In 2024, a US Court of Appeals ruled that the full Senate Intelligence Committee report on the CIA’s Detention and Interrogation program post-9/11 was not subject to FOIA. Law Professor Douglas Cox sought access to unredacted copies held by executive agencies subject to FOIA; however, the court found the particular report exempt from FOIA, as it originated in Congress.
Similarly, in 2016, Cox faced another FOIA denial when a court found that National Security Council (NSC) decisions on fatal drone strikes were not subject to FOIA. This ruling found that the NSC, despite being subject to the Act until 1994 and an entity within an office often subject to FOIA, did not hold “independent authority” and was therefore exempt from FOIA.
Taken together, these rulings reveal how the judiciary has narrowed the scope of the FOIA, shielding major decisions from public access and scrutiny. Despite being built to bring transparency to agencies and decision-makers in the US government, the FOIA is consistently shown to protect these very actors from much-needed accountability.
Institutional Reform
The FOIA was established to boost democratic accountability and transparency, but today it requires reform to fulfil this purpose. Congress has acted before, notably in the wake of the Watergate Scandal, to narrow exemptions, cap fees, and enforce greater oversight of the FOIA process. Reform has happened before, and it can happen again.
At a basic level, allocating more resources to FOIA departments can ensure timely access to documents and reduce the financial burden of submitting a request. More generally, existing requirements for agencies to release information on a regular basis without the need for FOIA should be expanded.
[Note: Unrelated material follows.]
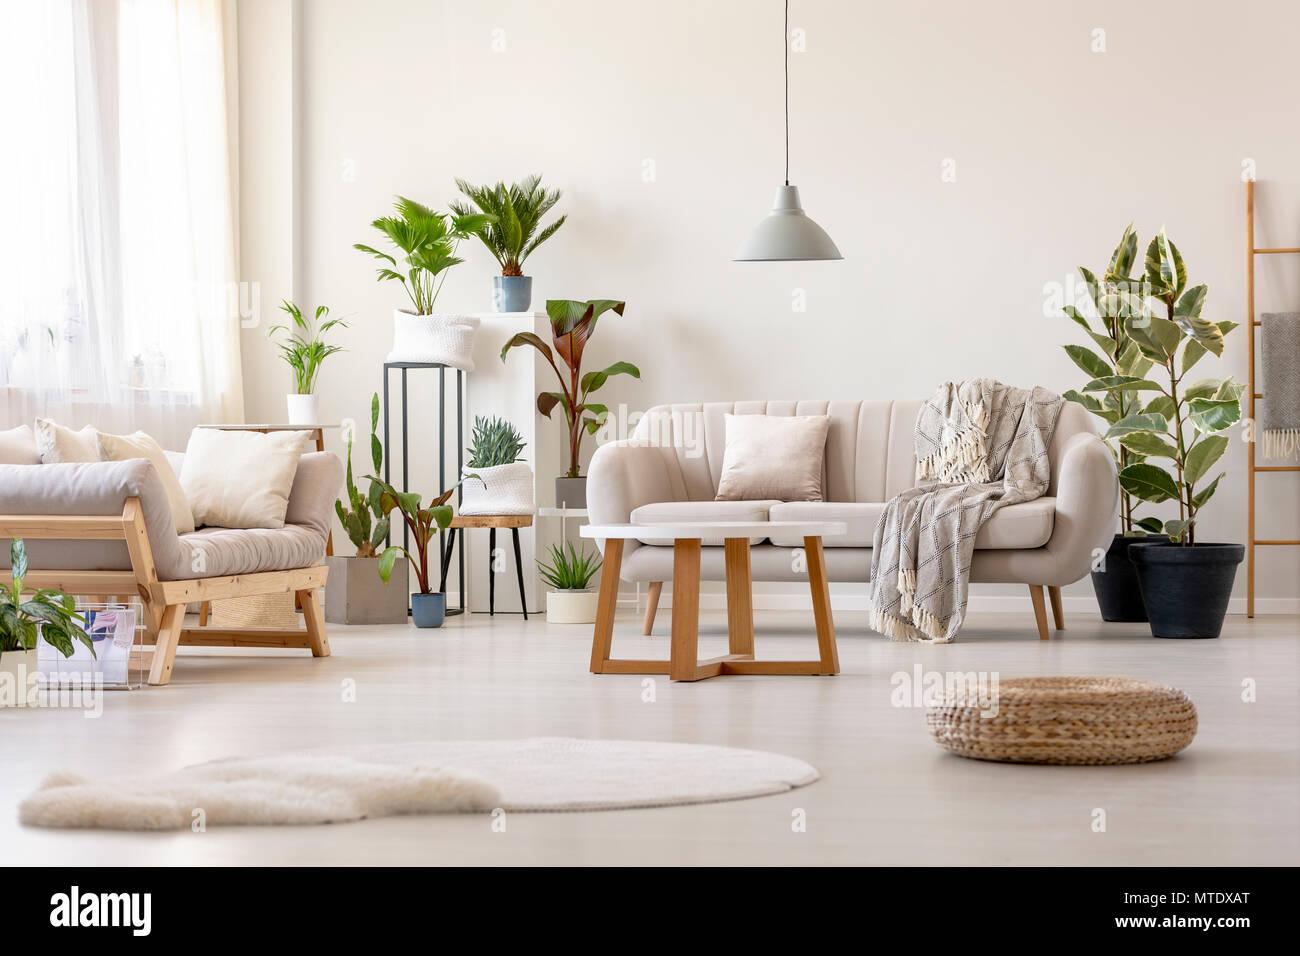 Pouf Nachste Im Hellen Wohnzimmer Einrichtung Mit Pflanzen Und Beige Couch Zu Teppich Real Photo Stockfotografie Alamy

These efforts need to be supported by a Congressional clarification of FOIA’s scope, with the goal of expanding access to influential entities currently beyond its reach. By promoting these changes, the government could bring FOIA closer to fulfilling its intended purpose.
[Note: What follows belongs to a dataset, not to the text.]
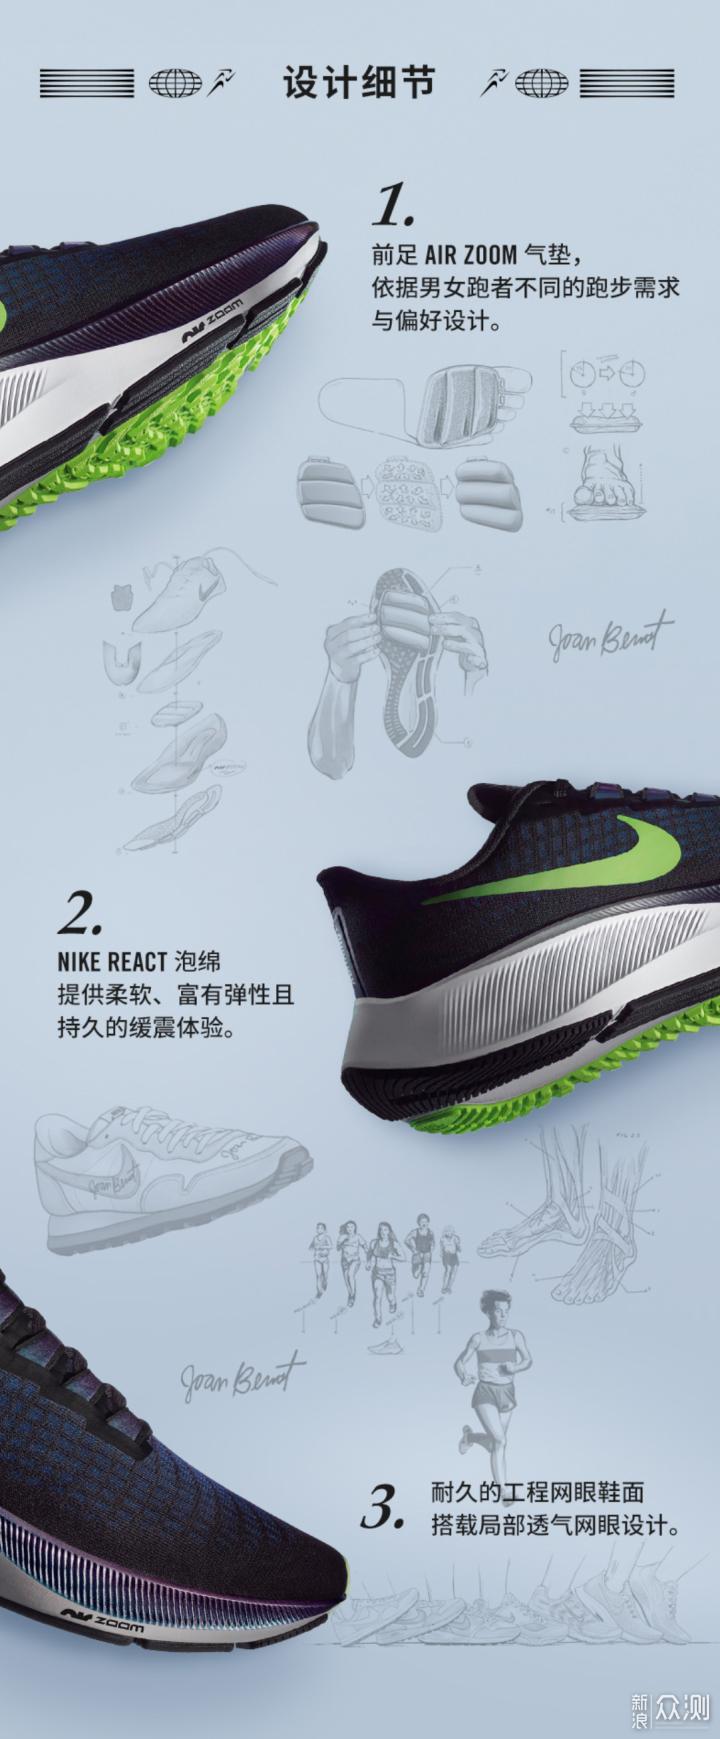 #我的运动指南#跑步党的Nike Pegasus升级之旅_新浪众测

The Freedom of Information Act was founded on the belief that transparency and government accountability are essential to democracy. Nearly 60 years later, it has become a system beholden to the government's will, not the public's rights. If FOIA continues to shield important government decisions, it undermines the values it was created to protect. To restore its original intent, the US Government must review and reform the FOIA to either prioritise the public’s right to information or to clarify the true limits of that right. Only through such a commitment can the promise of a transparent, democratic FOIA be meaningfully upheld.
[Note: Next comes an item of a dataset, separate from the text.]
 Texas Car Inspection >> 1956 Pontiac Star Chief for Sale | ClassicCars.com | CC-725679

Catherine Maltman is the United States Fellow for Young Australians in International Affairs. She holds a Bachelor of Arts, a Master of International Relations, and a Master of International Law from the University of Western Australia. Passionate about U.S. politics and international affairs, Catherine is eager to contribute to discussions about the United States' evolving role on the global stage under the incoming administration, particularly its implications for security and trade.